Shallow copy problem.
int main()
{
Vector<int> x;
Vector<int> y(x);
Vector<int> z;
z=x;
}
Version-2 Rule of Three
The rule of three simply stated is: If you define any of the methods Destructor/Copy Constructor/Copy Assignment Operator then you should define all three. When done correctly this resolves the shallow copy problem. Vector
defines the destructor so we also need to define the copy constructor and copy assignment operator.
I see this as an initial attempt at defining the rule of three for vectors very often.
Rule of three second pass
template<typename T>
class Vector
{
std::size_t size;
T* buffer;
Vector(int size = 100)
: size(size)
, buffer(new T[size])
{}
~Vector()
{
delete [] buffer;
}
Vector(Vector const& copy)
: size(copy.size)
, buffer(new T[size])
{
std::copy(copy.buffer, copy.buffer + copy.size, buffer);
}
Vector& operator=(Vector const& copy)
{
return *this;
}
};
Version-3 Lazy Construction of elements.
The problem with the previous version is that it forces initialization of all elements in the buffer immediately.

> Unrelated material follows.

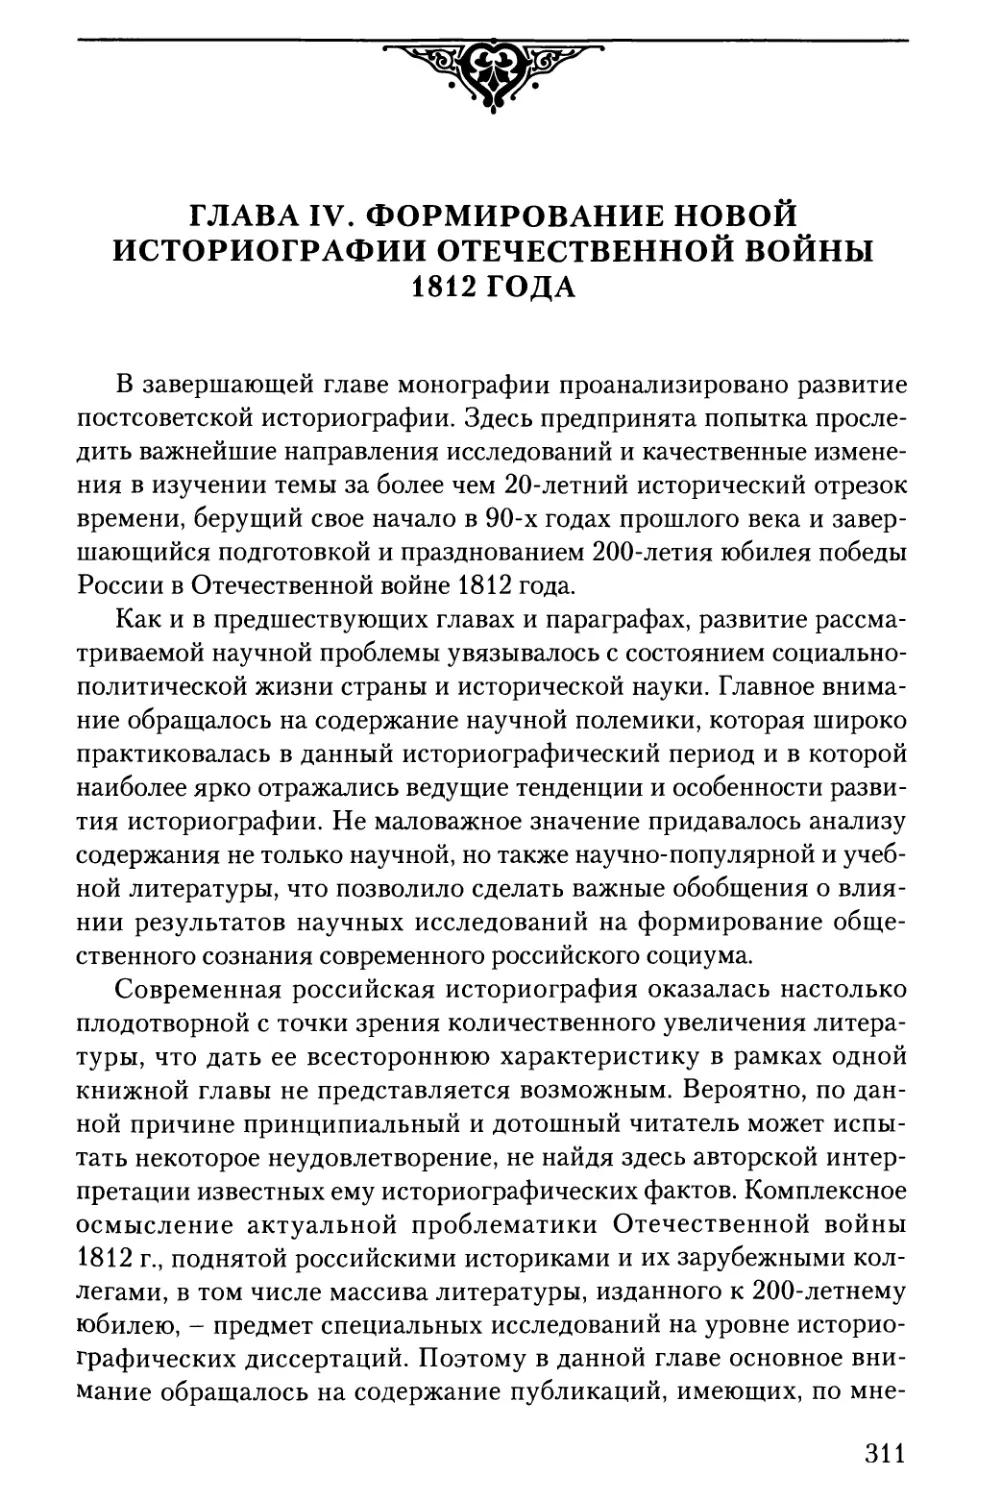 Глава IV. Формирование новой историографии Отечественной войны 1812 года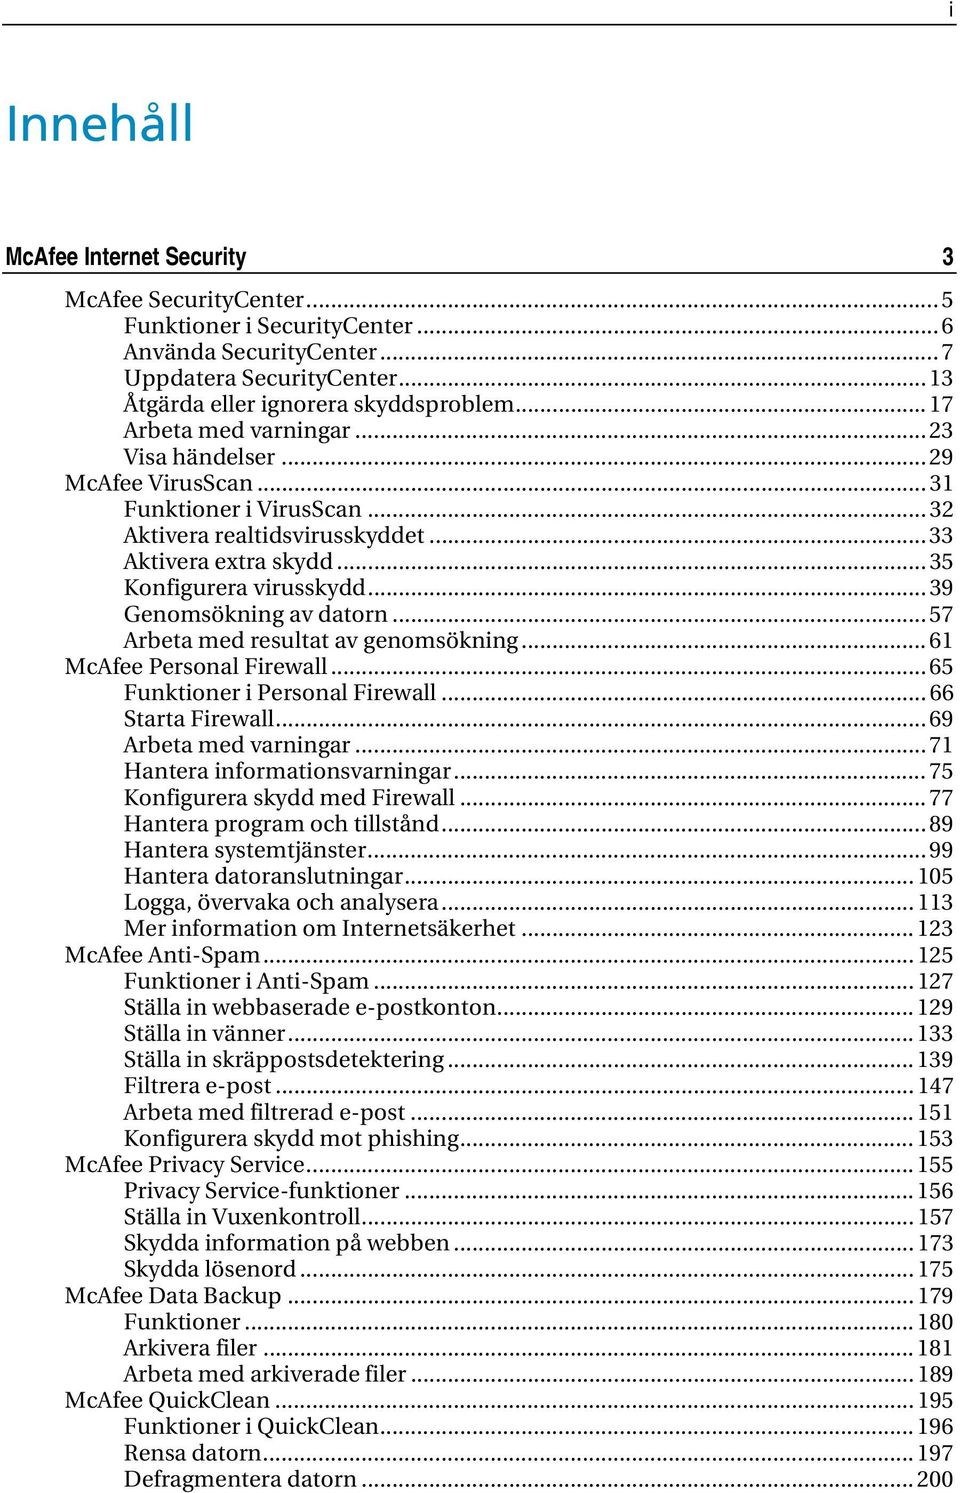 .. 39 Genomsökning av datorn... 57 Arbeta med resultat av genomsökning... 61 McAfee Personal Firewall... 65 Funktioner i Personal Firewall... 66 Starta Firewall... 69 Arbeta med varningar.

This forces the requirement that members of the Vector
(i.e. type T
) must be default constructable. It also has two efficiency constraints imposed on the Vector:
- You can't pre-allocate space for future members.
- So resizing (larger or smaller) becomes very expensive as each resize requires copy all the elements to the newly re-sized buffer.
- Alternatively pre-creating all the elements you need can also be expensive especially if construction of
T
is expensive.
- The copy constructor is twice as expensive as it should be. Each element must be:
- Default constructed (when the buffer is created).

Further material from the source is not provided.